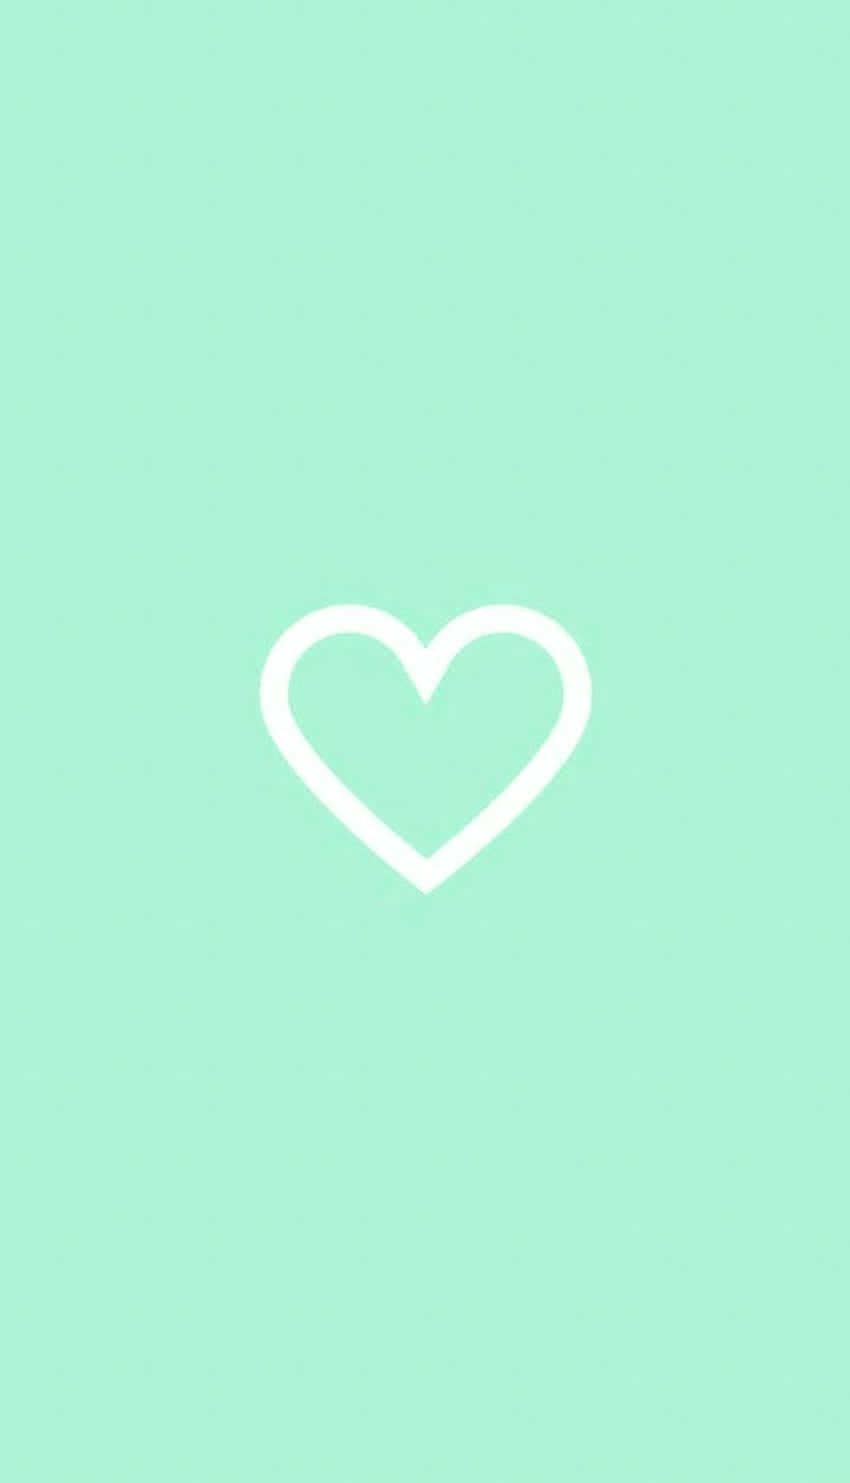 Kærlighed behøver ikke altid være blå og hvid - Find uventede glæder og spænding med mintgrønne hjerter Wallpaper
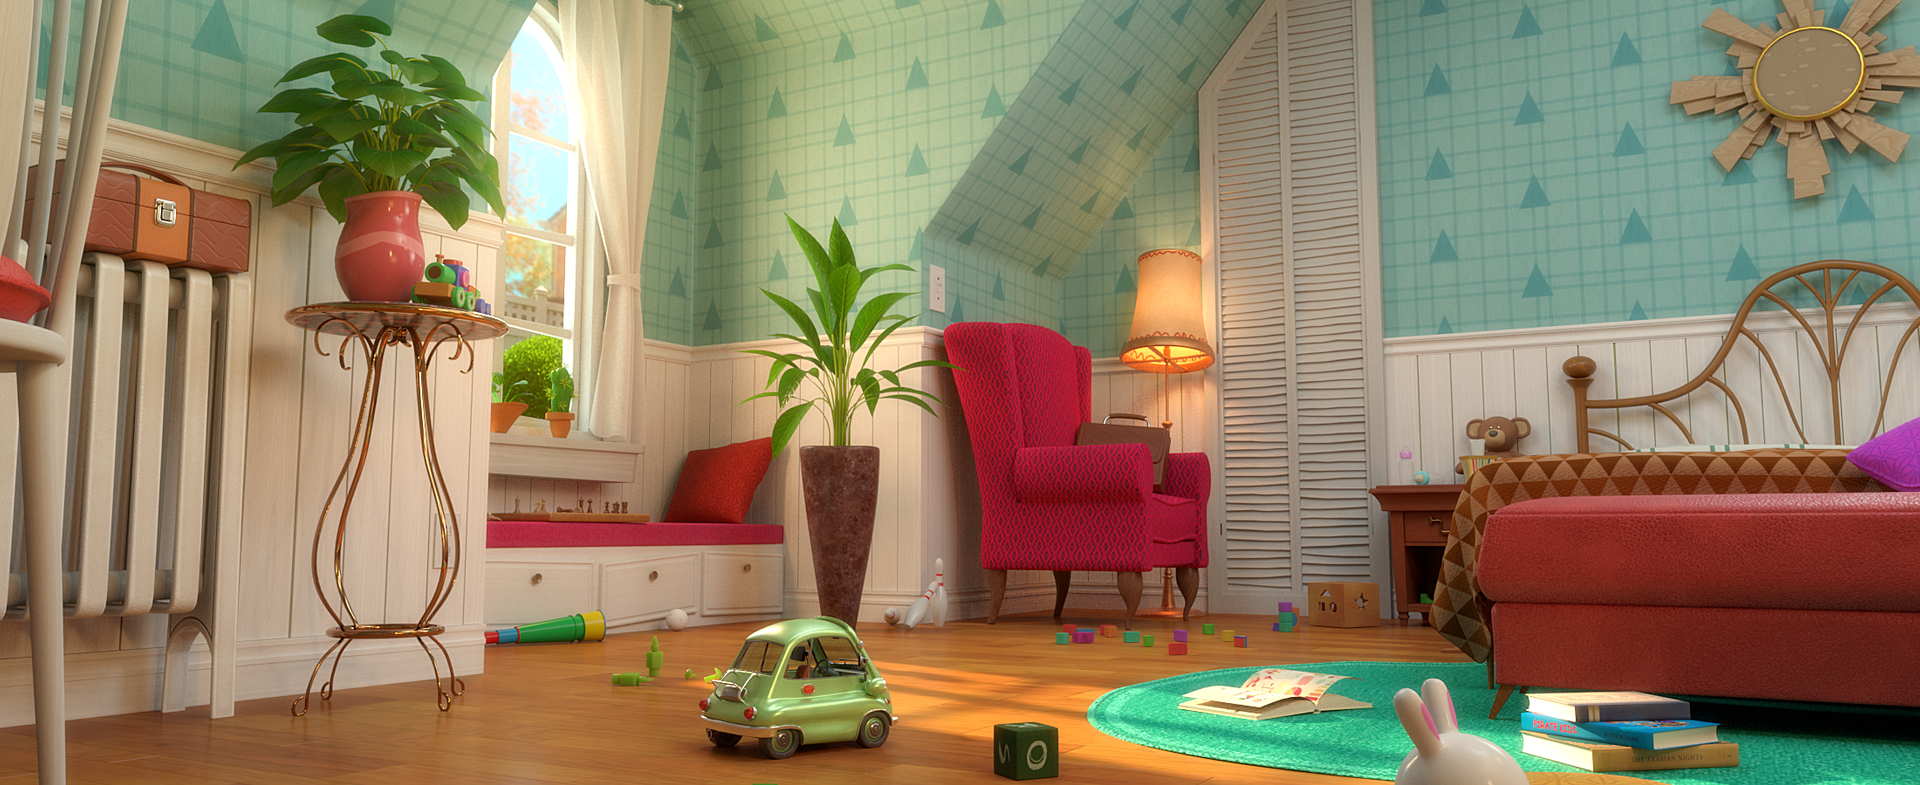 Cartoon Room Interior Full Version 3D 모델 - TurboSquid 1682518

* * *

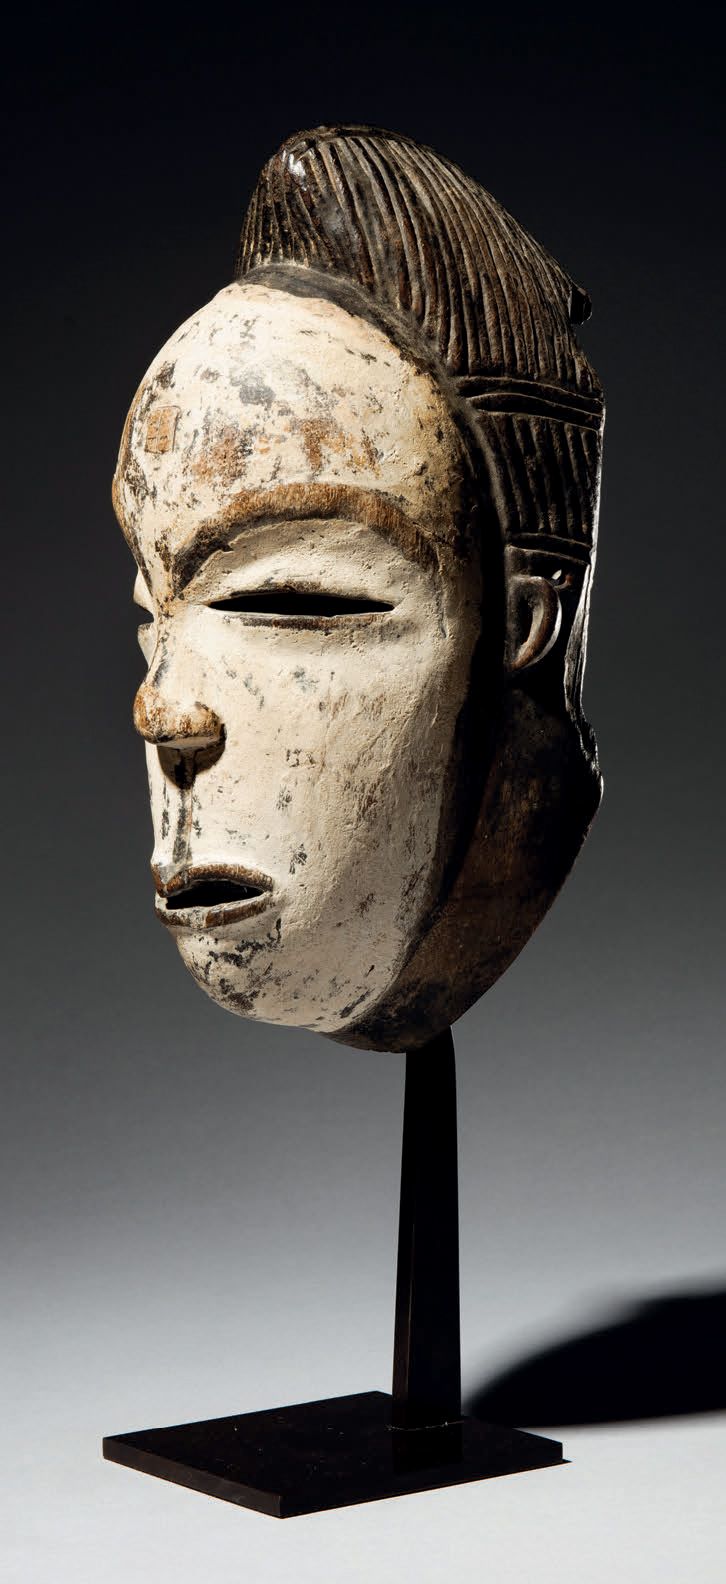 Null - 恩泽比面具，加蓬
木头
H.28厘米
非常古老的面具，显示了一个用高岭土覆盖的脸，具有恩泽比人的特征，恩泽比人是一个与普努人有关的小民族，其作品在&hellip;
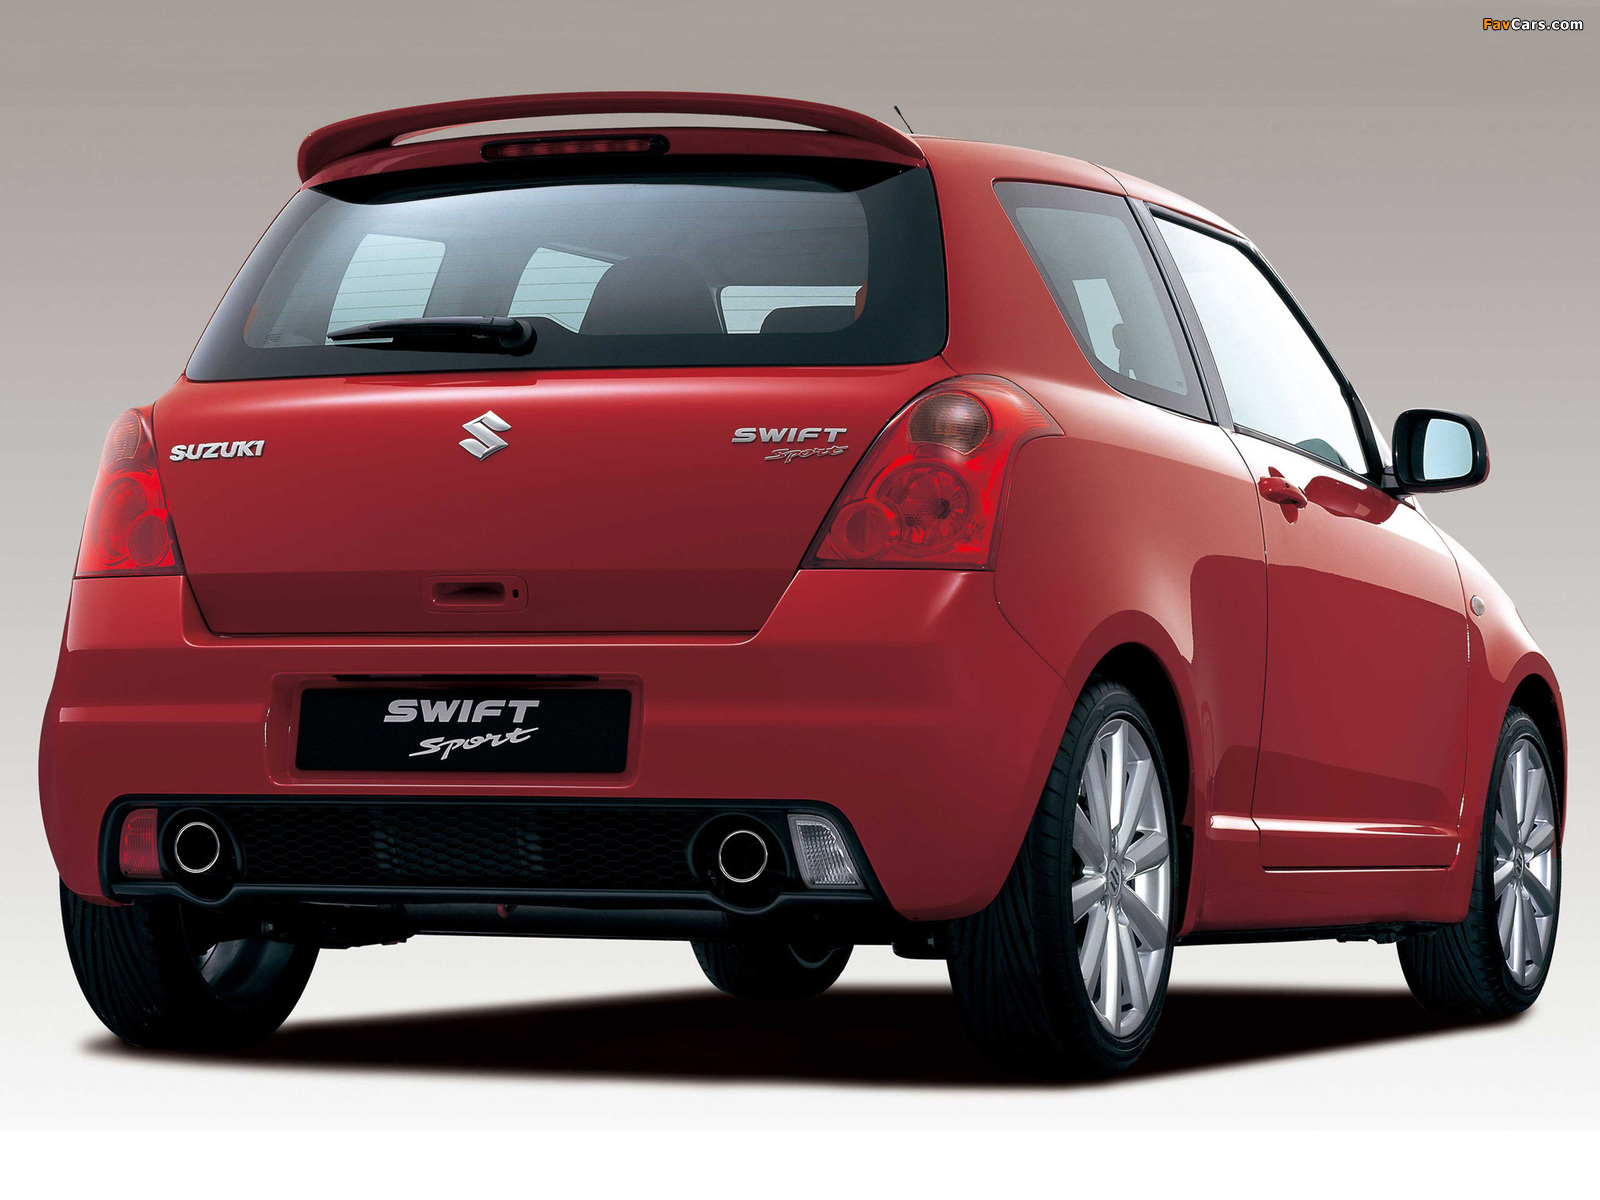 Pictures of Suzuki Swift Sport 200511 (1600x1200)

- REQUIRED ACTION: Extract, without any images, the part of the material above that opens with the line containing "非常古老的面具，显示了一个用" and closes with the line containing "Pictures of Suzuki", both lines included.

- WRITTEN ANSWER:
非常古老的面具，显示了一个用高岭土覆盖的脸，具有恩泽比人的特征，恩泽比人是一个与普努人有关的小民族，其作品在&hellip;
 Pictures of Suzuki Swift Sport 200511 (1600x1200)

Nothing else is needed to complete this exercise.